--- WHAT IS EXPECTED ---
The expected output is the full data, repeated exactly, without pictures.

--- DATA SHOWN ---
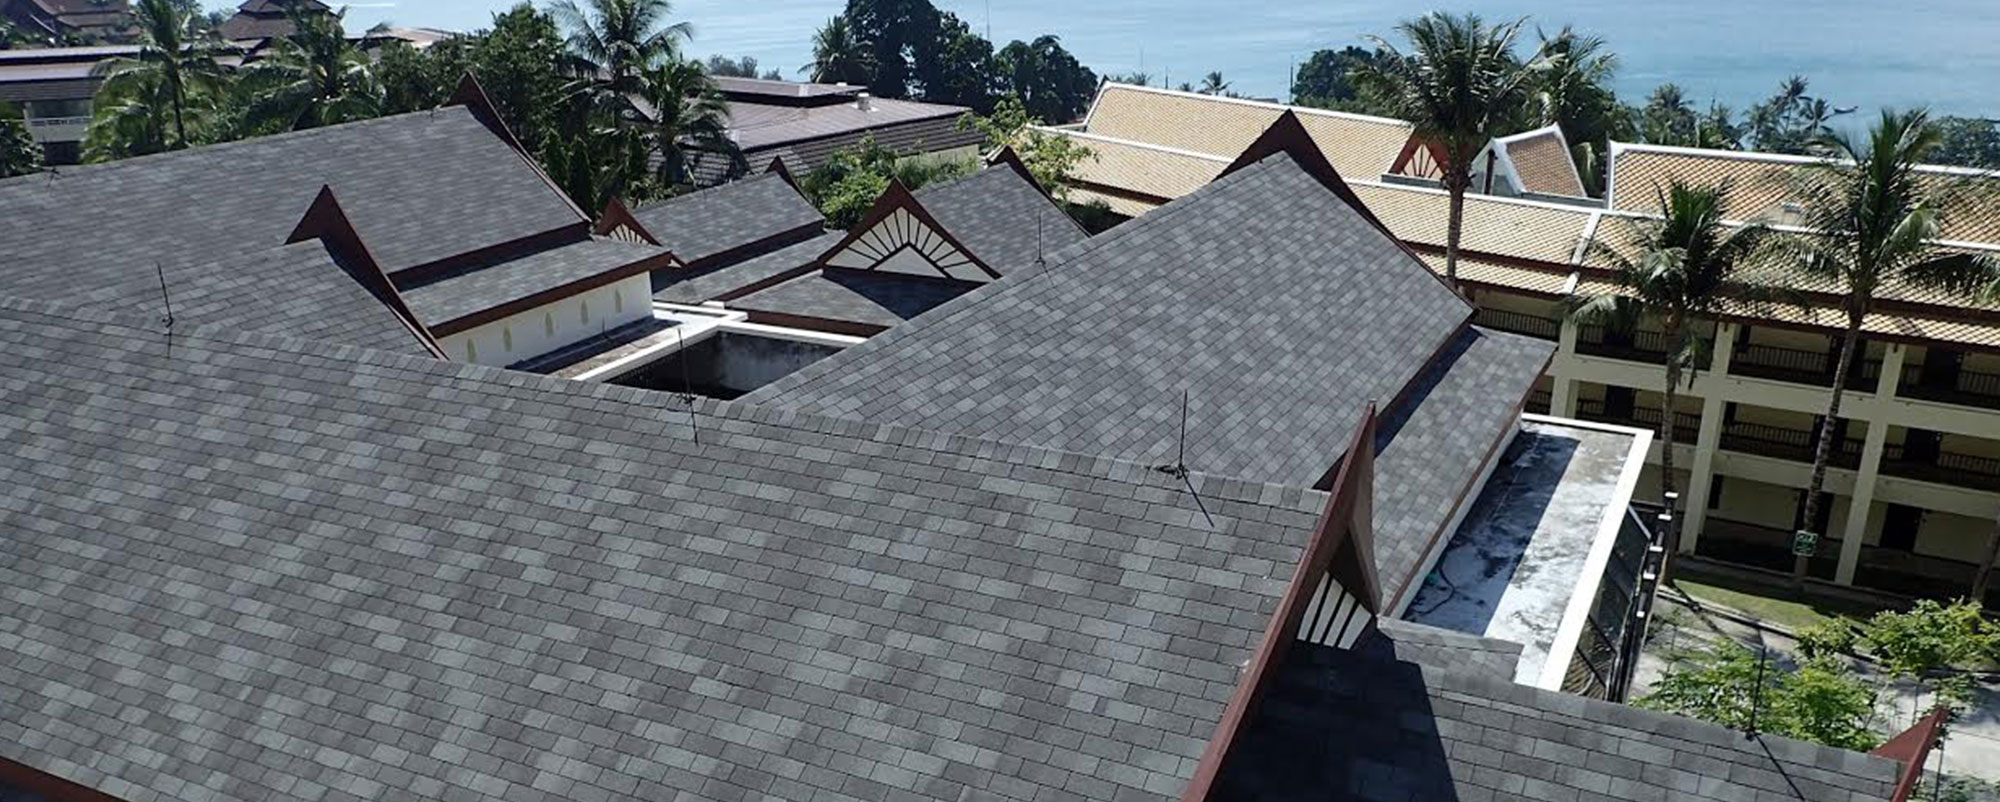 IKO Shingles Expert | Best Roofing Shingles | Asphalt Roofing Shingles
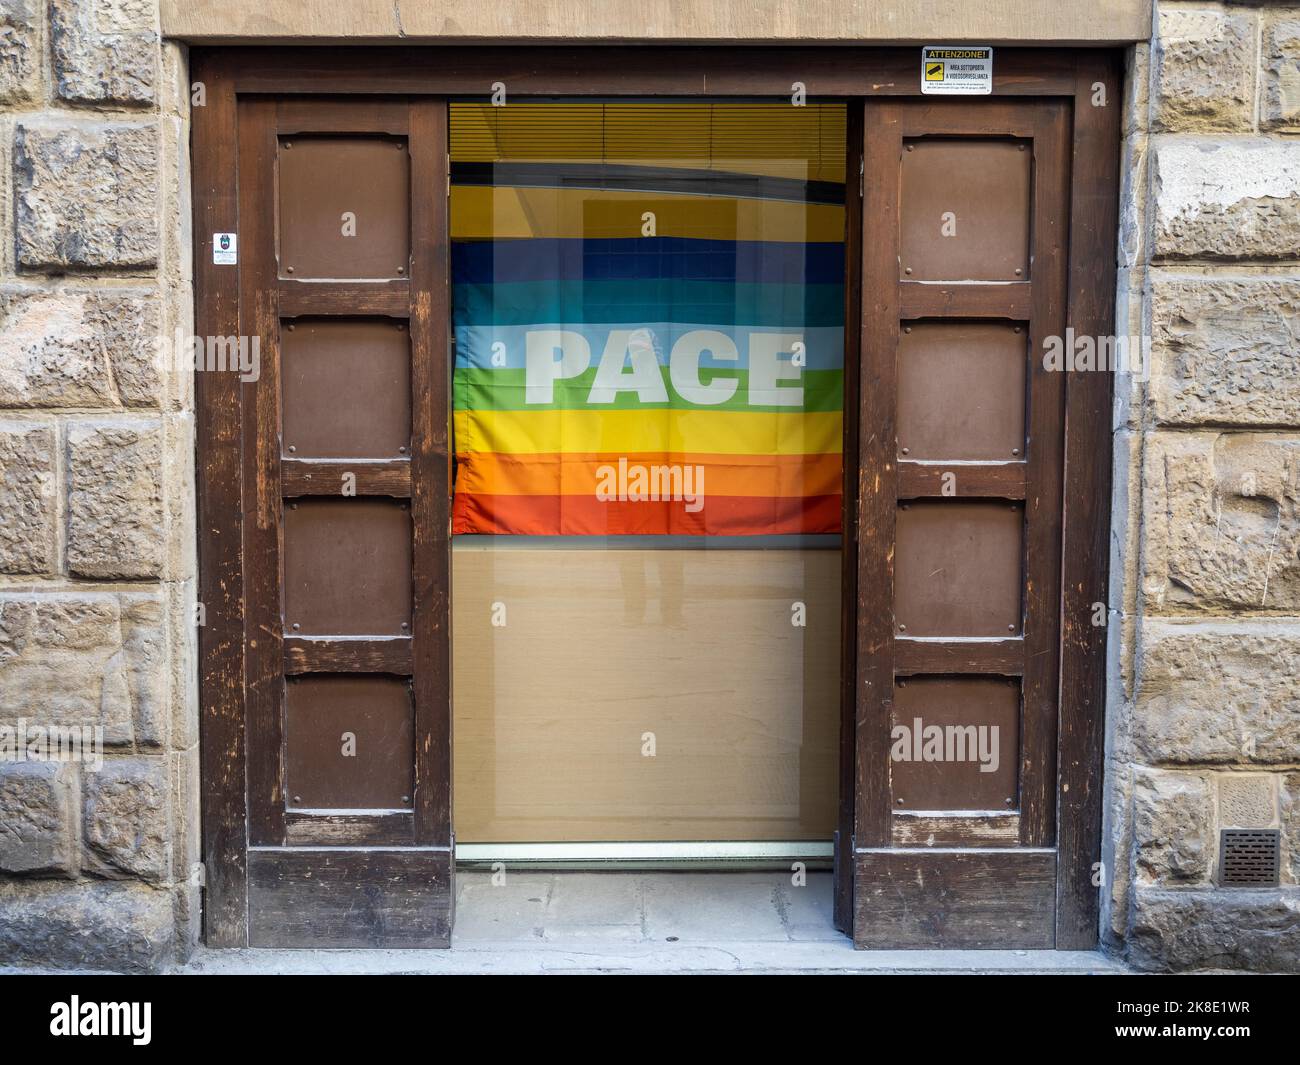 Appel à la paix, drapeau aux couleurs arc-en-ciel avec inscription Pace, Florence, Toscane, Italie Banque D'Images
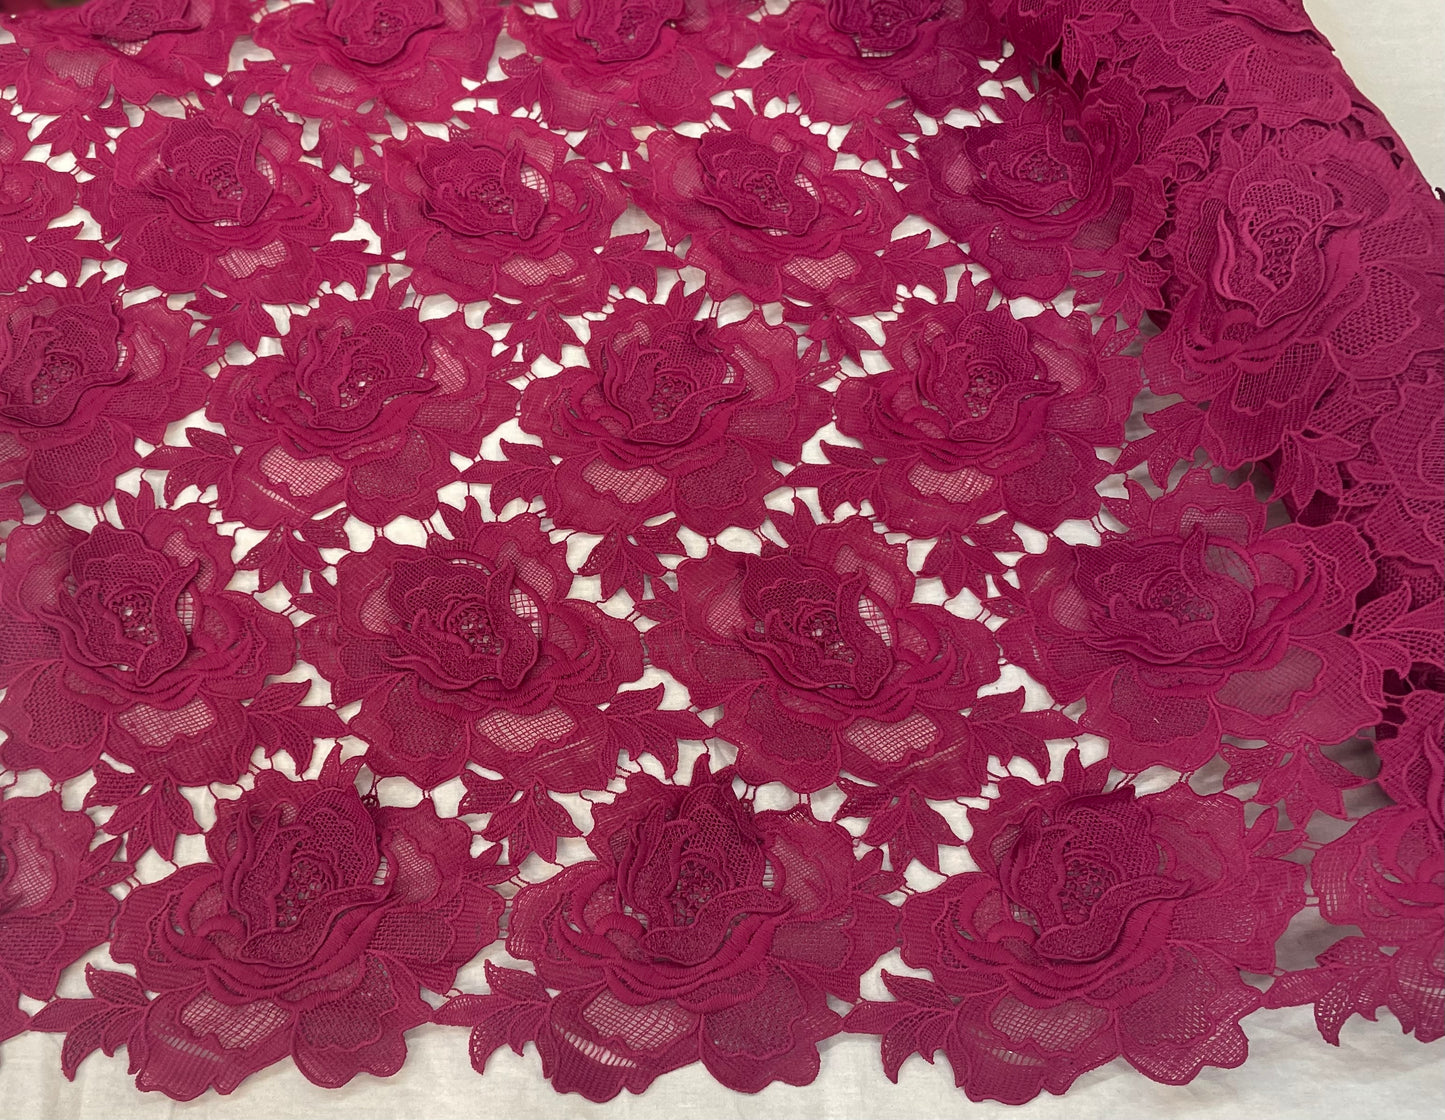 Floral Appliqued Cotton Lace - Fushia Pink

--- SOLUTION FOR THIS PROBLEM ---
 IKO Shingles Expert | Best Roofing Shingles | Asphalt Roofing Shingles
 Appel à la paix, drapeau aux couleurs arc-en-ciel avec inscription Pace, Florence, Toscane, Italie Banque D'Images
 Floral Appliqued Cotton Lace - Fushia Pink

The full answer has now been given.